A new study from financial research firm TransUnion revealed that more than half of mobile sports bettors earn high incomes.
The study defines high earners as those with incomes over $100,000 per year. TransUnion’s online survey polled 2,739 adults across the country, of which 54% fall into that bracket. Previous research from the National Council on Problem Gambling and YouGov has likewise shown that both high and low earners gamble with greater frequency than those close to the median.
While it revealed that a majority of bettors are in good financial standing, TransUnion’s study also showed that consumers hold significant concerns about inflation.
Those fears are leading bettors – including those top earners – to save more money in emergency funds than the overall population.
Is a Sports Betting Slowdown Coming?
Based on consumer habits observed in recent years, that decrease in liquidity could lead to the sports betting industry experiencing a slowdown. So says TransUnion’s Senior Manager of U.S. Gaming, Declan Raines.
In an interview, Raines told Bonus:
We’ve seen how strong that relationship is, especially over the last few years in the COVID environment. Seeing when inflation really starts to hit consumer budgets and consumer liquidity, and you see that downward tick in performance as well.
Consumers are altering their spending behavior amid inflation concerns. Raines sees this as “likely to impact the industry” – especially given its massive growth in recent years.
Still, the study highlighted a number of indicators that sports bettors are generally well-funded and optimistic. In addition to its findings about income demographics, TransUnion revealed that:
- 67% of mobile sports bettors’ income increased in the last three months (compared to 32% of the total population)
- 71% of mobile sports bettors expect their income to increase in the next three months (compared to 45% of the total population)
- 83% of mobile sports bettors are optimistic about their household finances over the next year (compared to 58% of the total population)
Decreasing Consumer Liquidity
However, despite their high incomes and optimism about the future, many bettors face challenges in the present.
TransUnion’s study found signs of decreasing consumer liquidity among bettors. It revealed that 79% of mobile sports bettors were concerned about whether they can pay their current bills and loans in full. Of the total survey group, just 52% had that concern.

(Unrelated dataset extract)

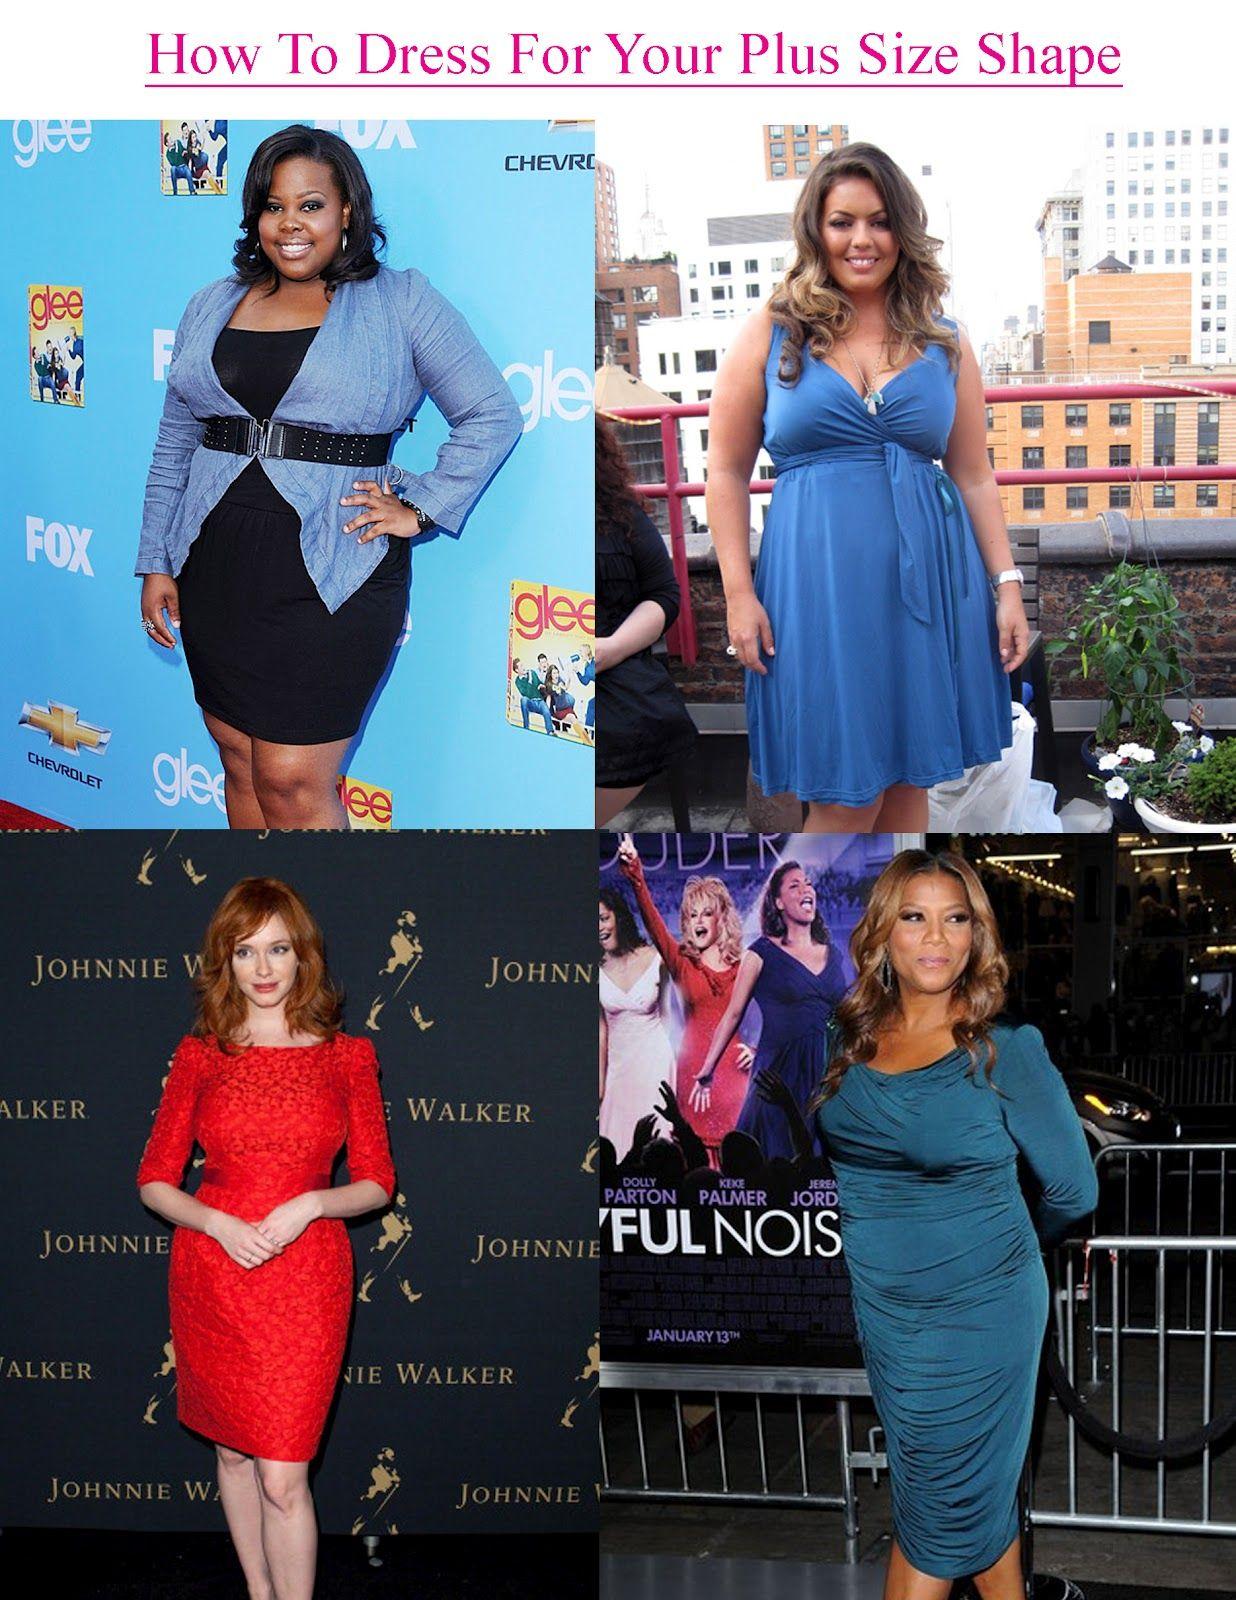 Plus size pear shape dresses for girls

Such figures are part of why operators attempt to differentiate resilient consumers from distressed ones. It’s a struggle, however, as their dependence on first-party data limits what they know about a player.
In the UK, the concept of affordability checks has been floated repeatedly. It’s an unpopular suggestion with many, however, particularly privacy and civil liberty advocates. It would likely be an even tougher sell in the US.
Poll Includes Residents of All 50 States
The survey notably included participants from all 50 states. That, of course, includes many where mobile betting – or betting in general – is not yet legal. TransUnion didn’t ask respondents whether they were betting using regulated apps or black market offshore operators.
Bonus asked Rainey about this decision, and whether targeting the survey specifically at users of regulated betting apps would have changed its results. He said:
The reason that we ask consumers in simple terms whether they engage in online sports betting, and then how much they are, it is to make the results as clean as possible.
Do you engage in unregulated or regulated is a difficult question because most people don’t know they’re engaging in unregulated activities; the unregulated and offshore sites do a very good job of making it seem like you’re engaging in licensed, regulated activities when you’re not.
Raines admitted, however, that where people are placing their bets is “absolutely insight that I would like us to know, but it’s just, from a survey perspective, it’s really challenging to try and get that level of detail in a survey like this.”
Establishing a Benchmark
Comparing this week’s findings about inflation to earlier data is challenging. In contrast to the company’s previous research, this was the first study to ask consumers about their mobile sports betting activity. However, Raines is confident that future iterations will offer valuable data about how the trends identified in this study shift over time.
This online survey of 2,739 adults was conducted May 12–19, 2022 by TransUnion in partnership with third-party research provider Dynata. Adults 18 years of age and older residing in the United States participated using an online research panel method across a combination of desktop, mobile and tablet devices. To ensure general population sample representativeness, the survey included quotas to balance responses to the census statistics on the dimensions of age, gender, household income, race and region.